# Sheltering a pidgeon that started following me outside



## AbulJemes (Aug 23, 2017)

Hey, I was outside a couple days ago, and I came across a flock of pigeons, they all flew away except one and it started following me around. He's pretty cute so I took him in.

Im keeping him in a cat cage at the moment (Don't have cat anymore) Which I lined with shredded paper, and put a couple of containers for food and water in.

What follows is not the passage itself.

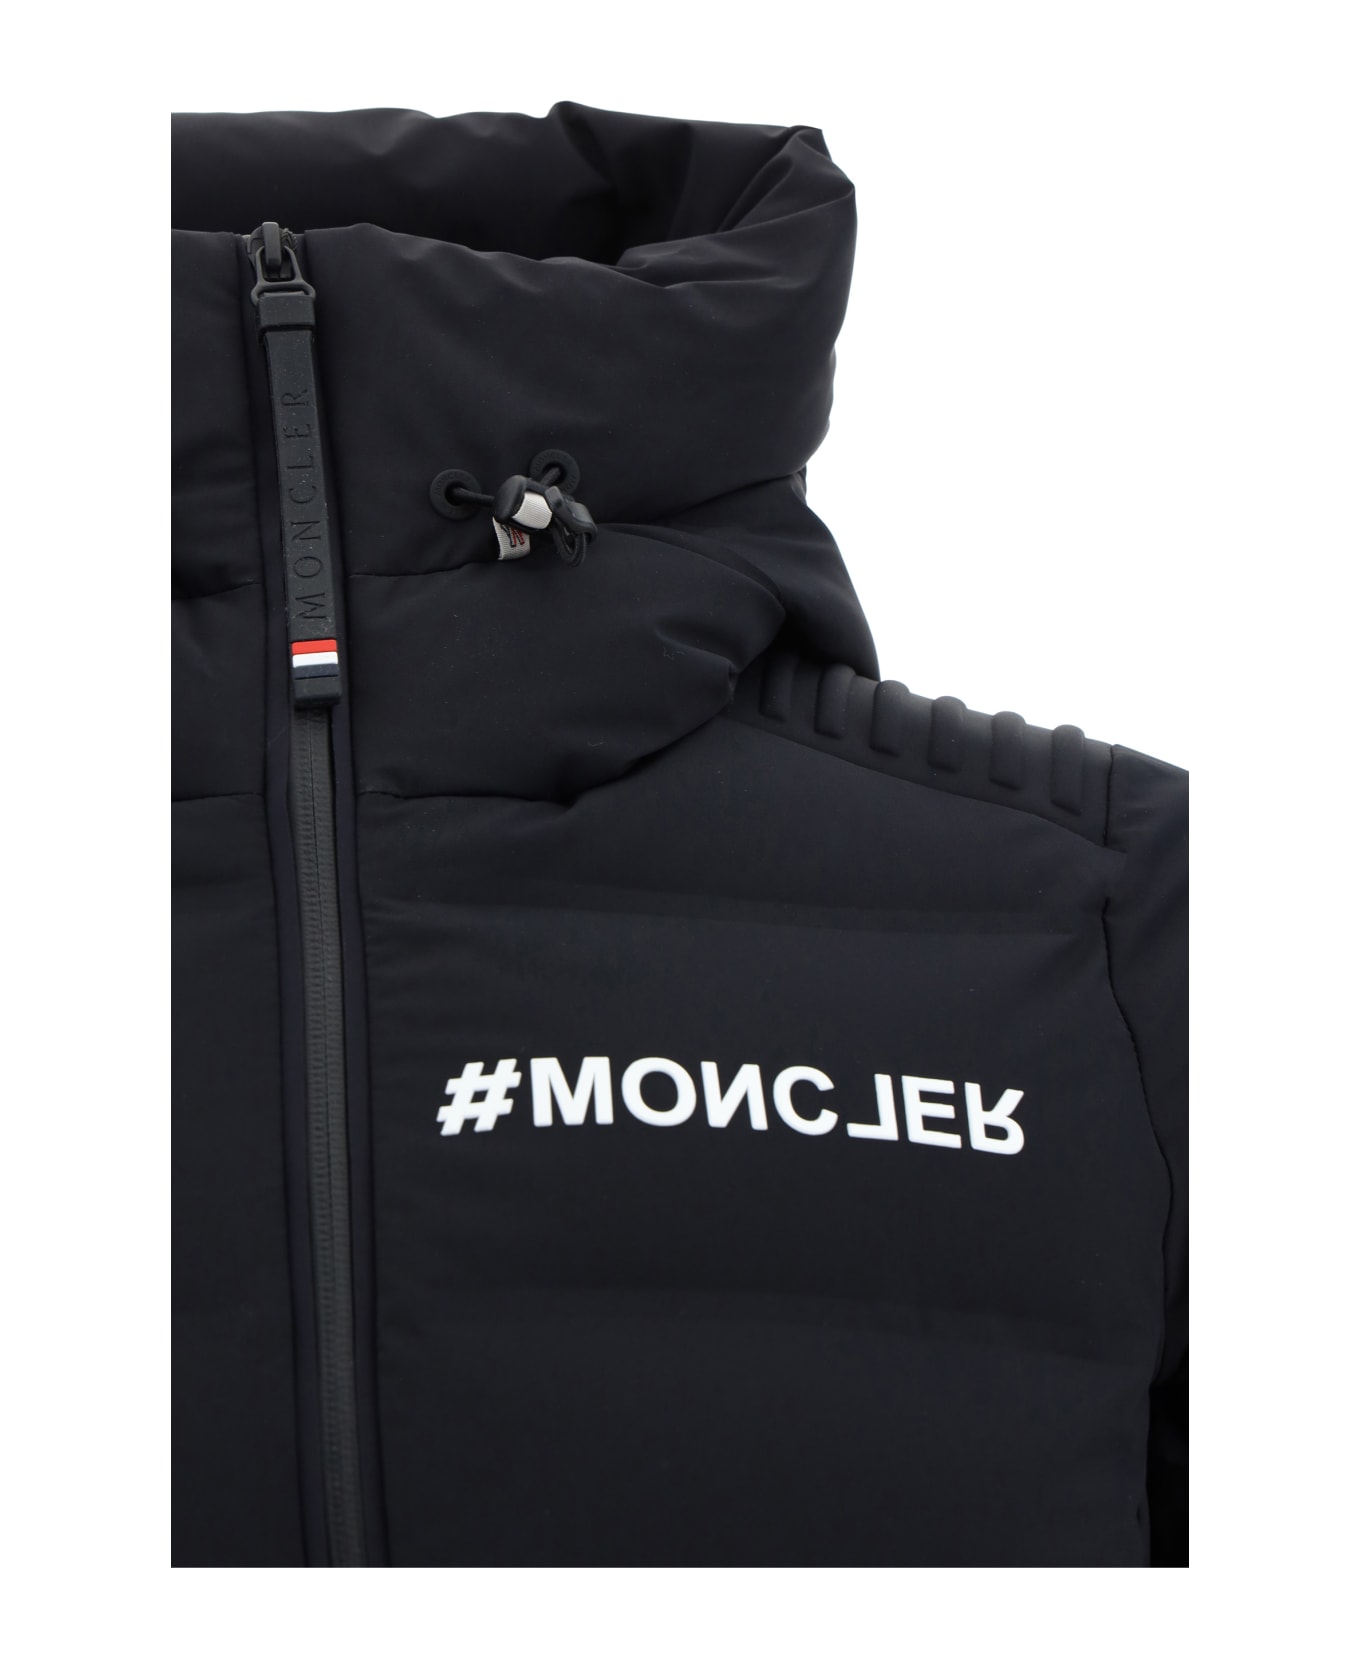 Moncler Grenoble Black Suisses Down Jacket - Black ダウンジャケット

I do take him out of it when I'm home though cause I feel bad for him being in a small space.

Anyway, he cant fly properly, if I set him down he just flies back up on my shoulder, and if I throw him up he just hovers back down. 

Here's a few photo's I took of him: http://imgur.com/a/IgIGR

I just wanted to know mainly if there's an issue with what I'm doing, if there's anything wrong with him , and what would be the best thing to do now? 

Thanks.


----------



## cwebster (Dec 11, 2010)

Your bird looks like a lost domestic who took up with a flock. Would just adopt him, if he or she is that tame. Does he have pigeon mix, water, and grit? Very pretty bird!


----------



## FredaH (Apr 5, 2016)

What a lovely bird. I feel he should be able to fly though and wonder if he's lacking calcium and D3. Along with what cwebster has said he needs he will also need a calcium and vitamin D3 supplement because he's now an indoor bird and won't get it from the sun. You can buy pigeon calcium supplement liquid online that you add to his water a couple of times a week, Calciboost, Calcivet and ZolcalD are three you could search for. If he's lacking calcium that may be why he can't fly properly. 
What's his droppings like? A pic of those would be good.


----------